戸惑う私が聞き間違いかもしれないと先輩にもう1度と尋ねる前に続ける。
「俺は夢がある。全国優勝なんかじゃない。もちろん全国優勝はしたいし、なんかとか言ったら悪いかもしれないけど、そうじゃなくて。俺はプロのサッカー選手になりたい 」
赤面した顔はそのままだが、初めは詰まり詰まりだった声が最後の方は真っ直ぐな声になっていた。
「前もミーティングで話したけどサッカーは、本当にすごいと思うんだ。
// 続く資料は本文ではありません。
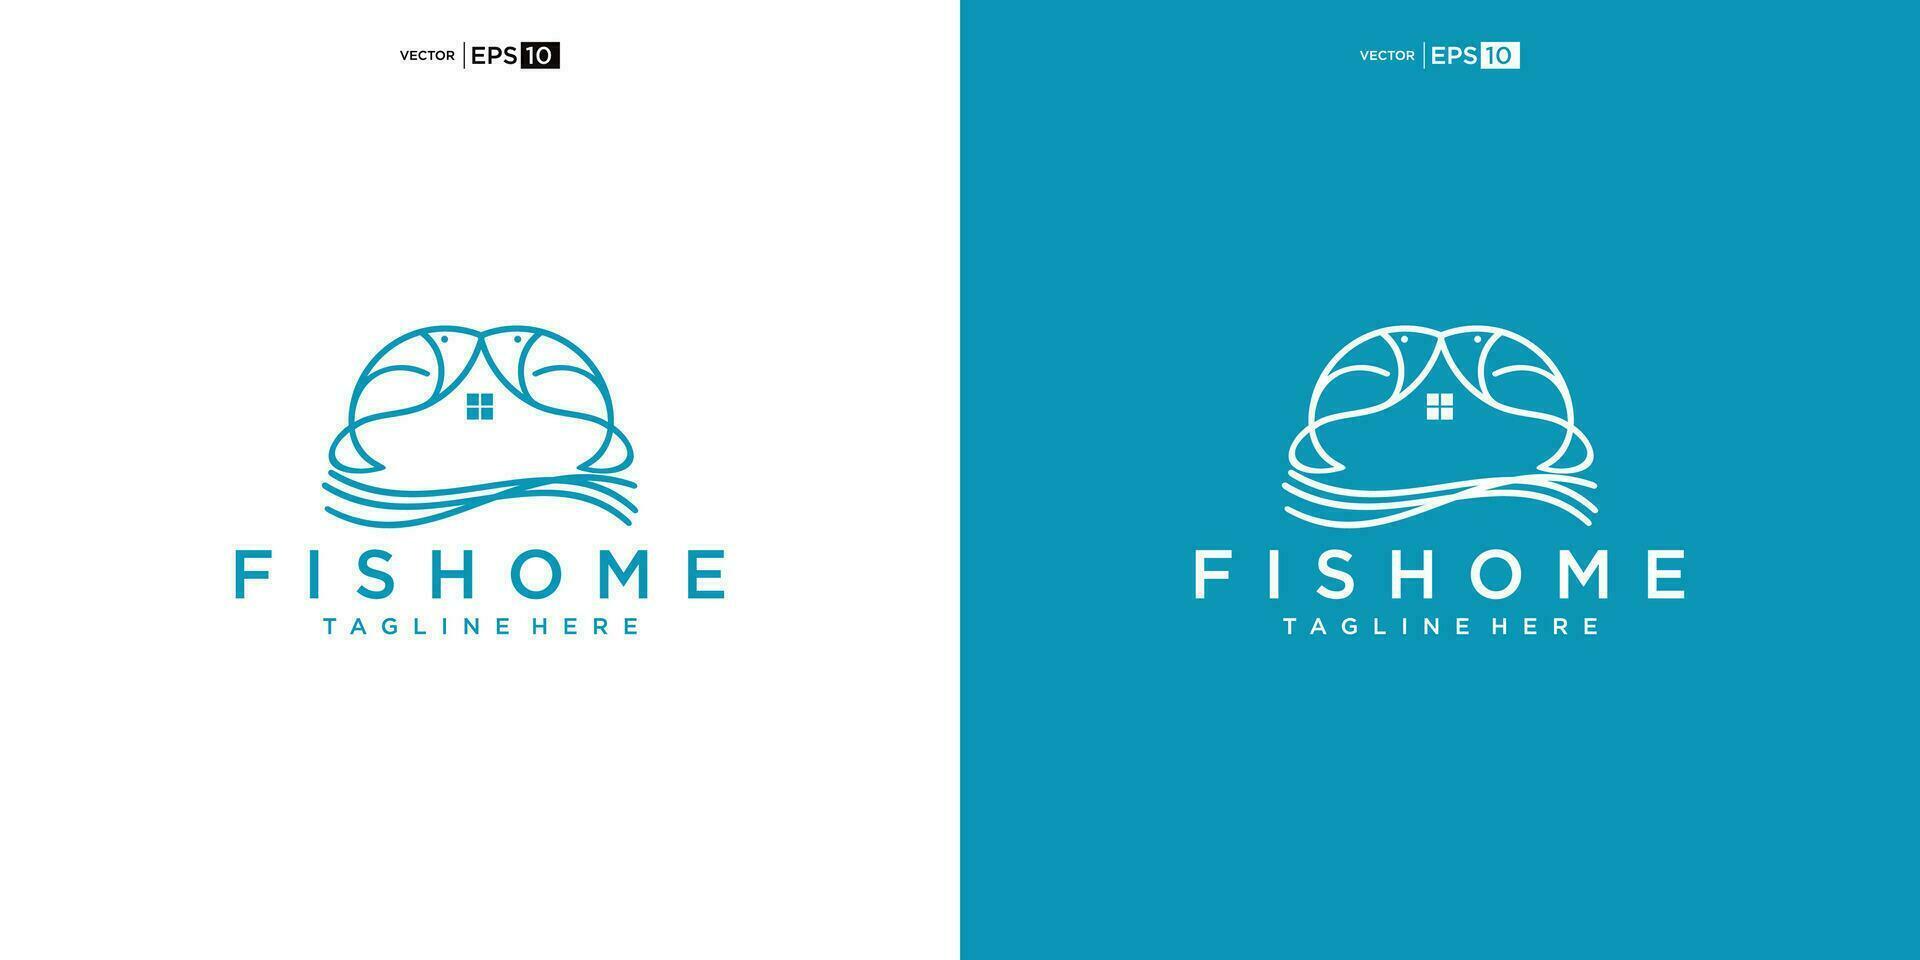 pescado con casa para hogar real inmuebles residencial hipoteca Departamento edificio logo diseño vector
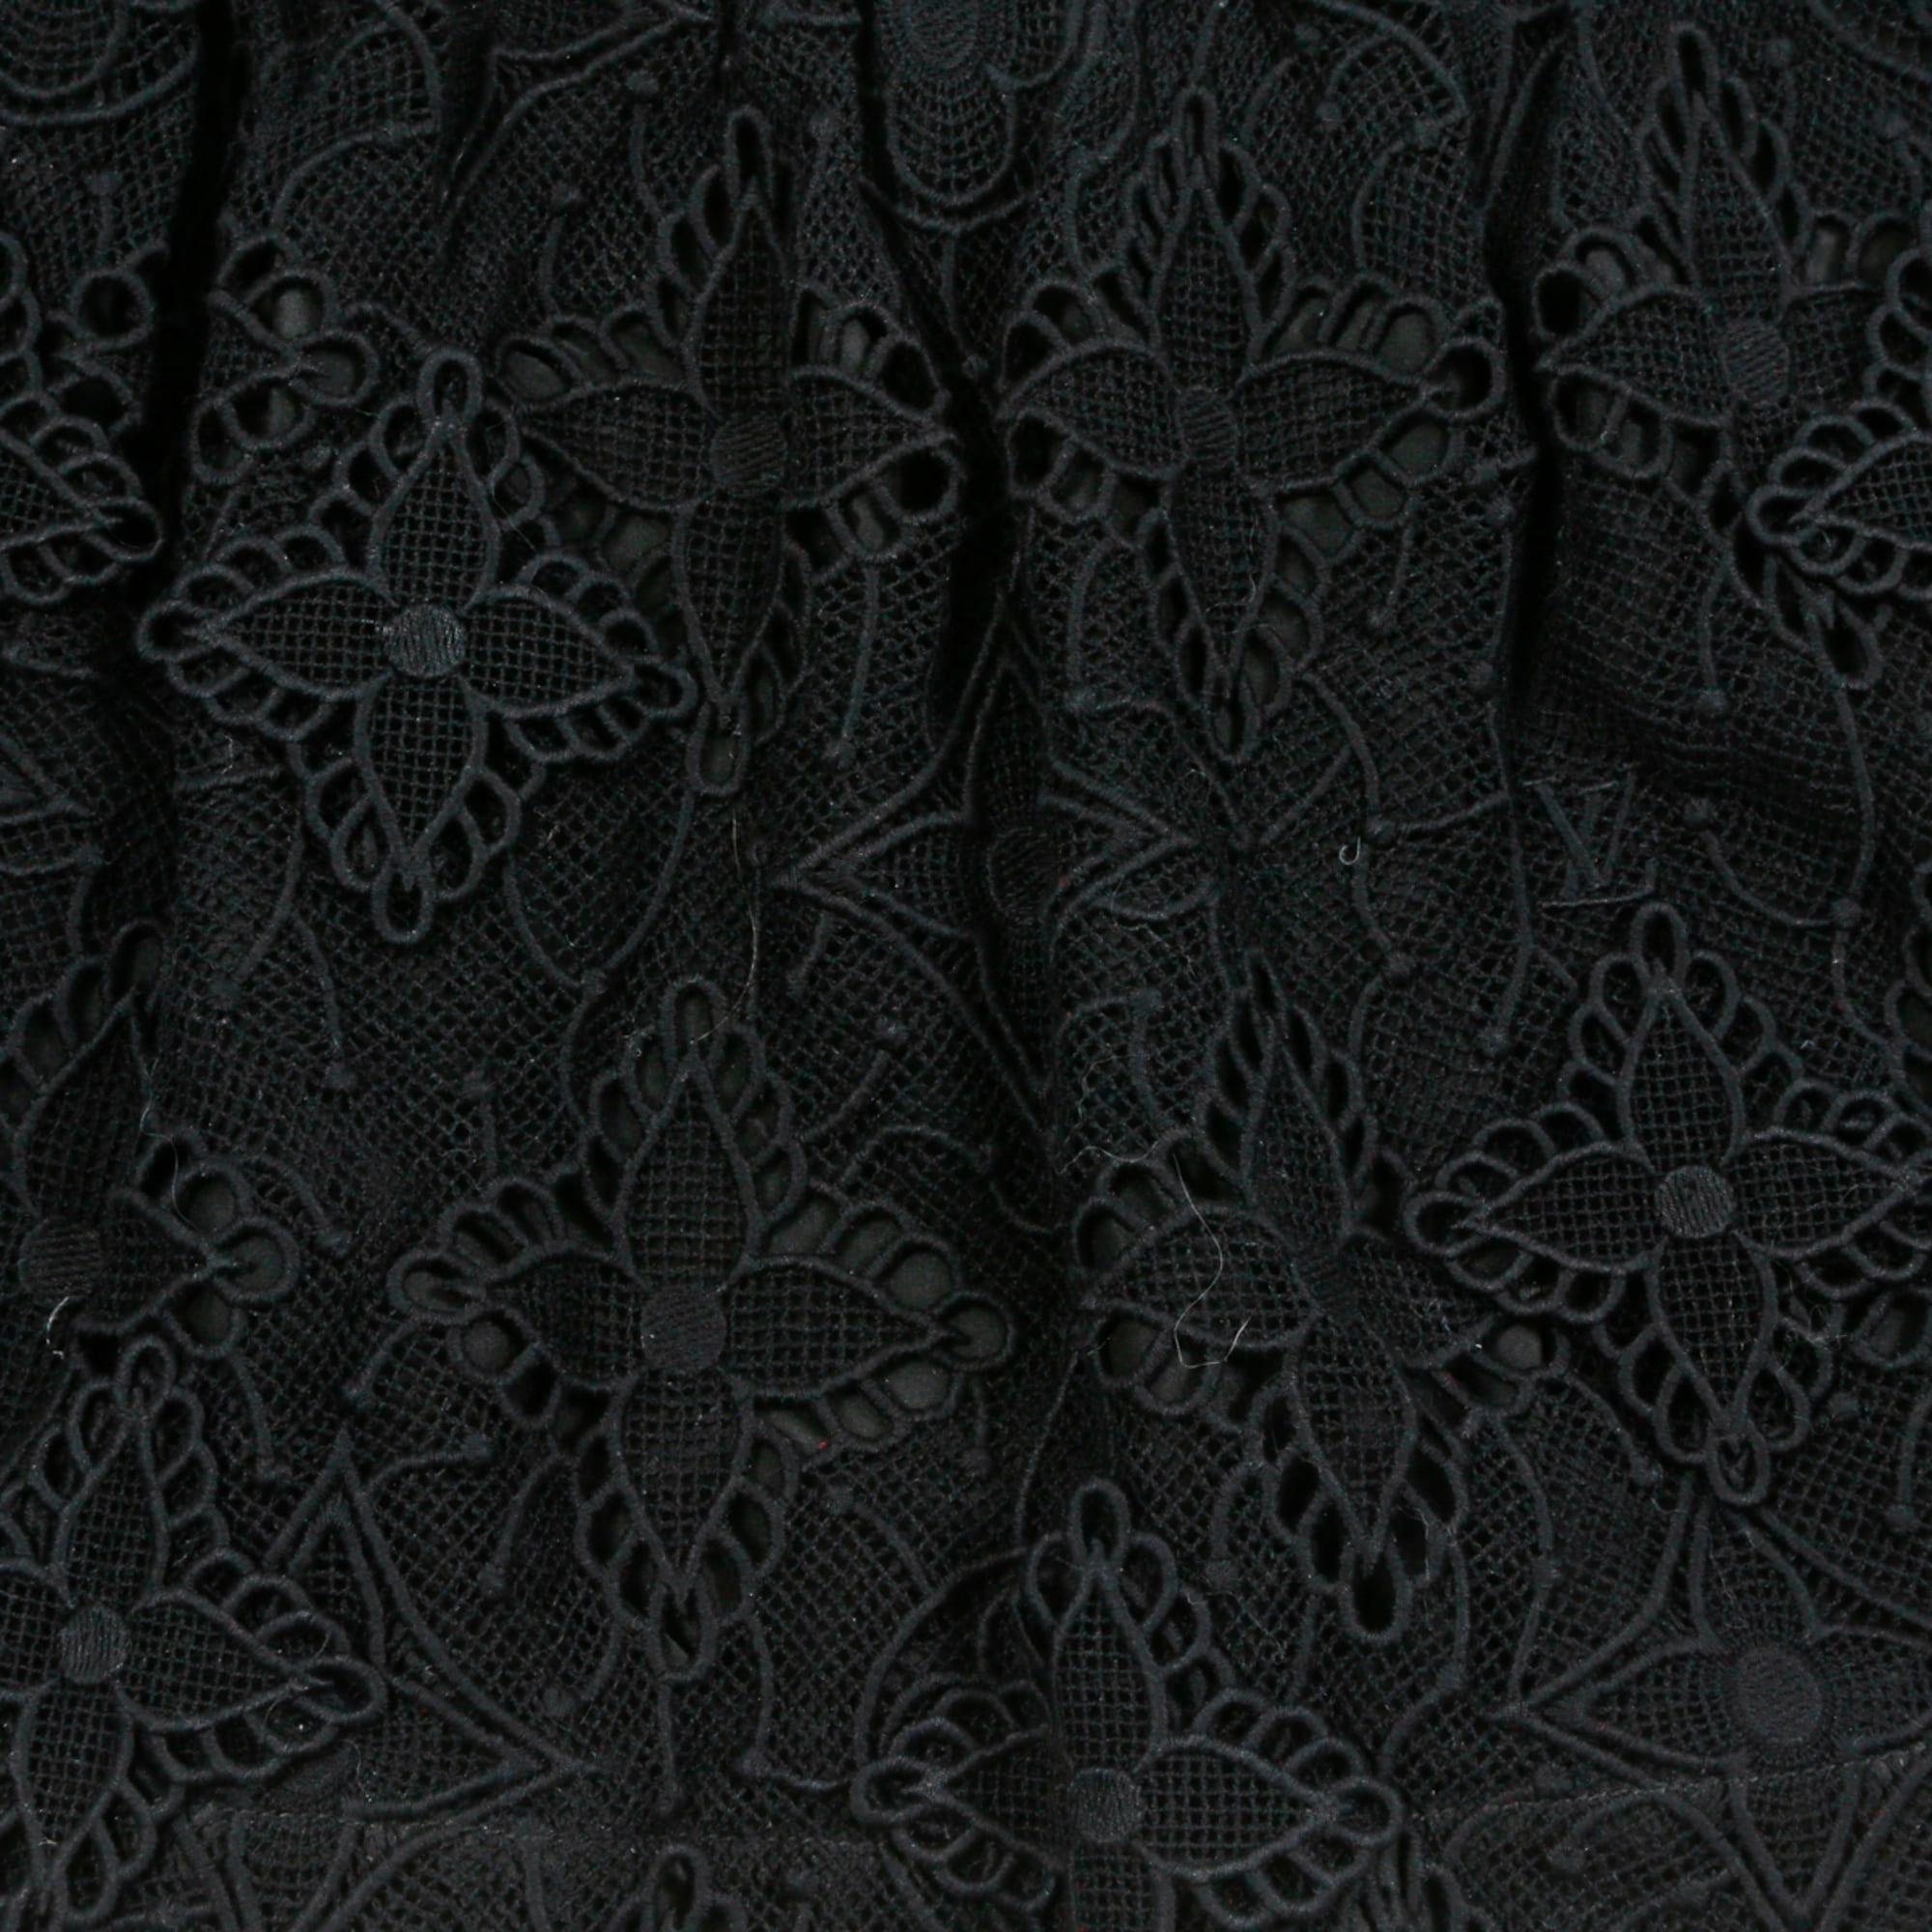 Jupe courte Louis Vuitton en guipure de coton noir avec les symboles iconiques de la marque sur le devant et en crêpe de soie noir au dos, doublure en toile de satin noir, taille légèrement élastiquée, fermeture zippée contrastante au dos. Taille

糸を通すかのような繊細なパスは世界を1つに繋げ、ゴールの決まる瞬間は地震が起こるほどに世界を沸かす。あのピッチと言うなの戦場で戦う戦士達は、ボール1つで世界に夢を与える。俺は、俺のプレーで世界に夢を与える、そんな選手になりたい 」
この言葉はあの日、県大会決勝のミーティングで先輩が皆に語った言葉だった。
先輩の熱くどこまでも真っ直ぐな想いに私は初めてサッカーを見た時と同じぐらい、いや、それ以上に心が踊り熱くなっていた。
「だから白崎、こんな俺でよかったらこれからも隣で支えてくれないか?。 」
「はいっ。私、私も先輩の夢を隣で見て、支えたいです 」
本当なら涙しながら歓喜で声を詰まらせながら返事をしているだろう所を、私は嬉しさを忘れるほど興奮しきっていた。
大好きな先輩と大好きなサッカーの夢を一緒に見る、こんなにも幸せで心躍ることはあるだろうか。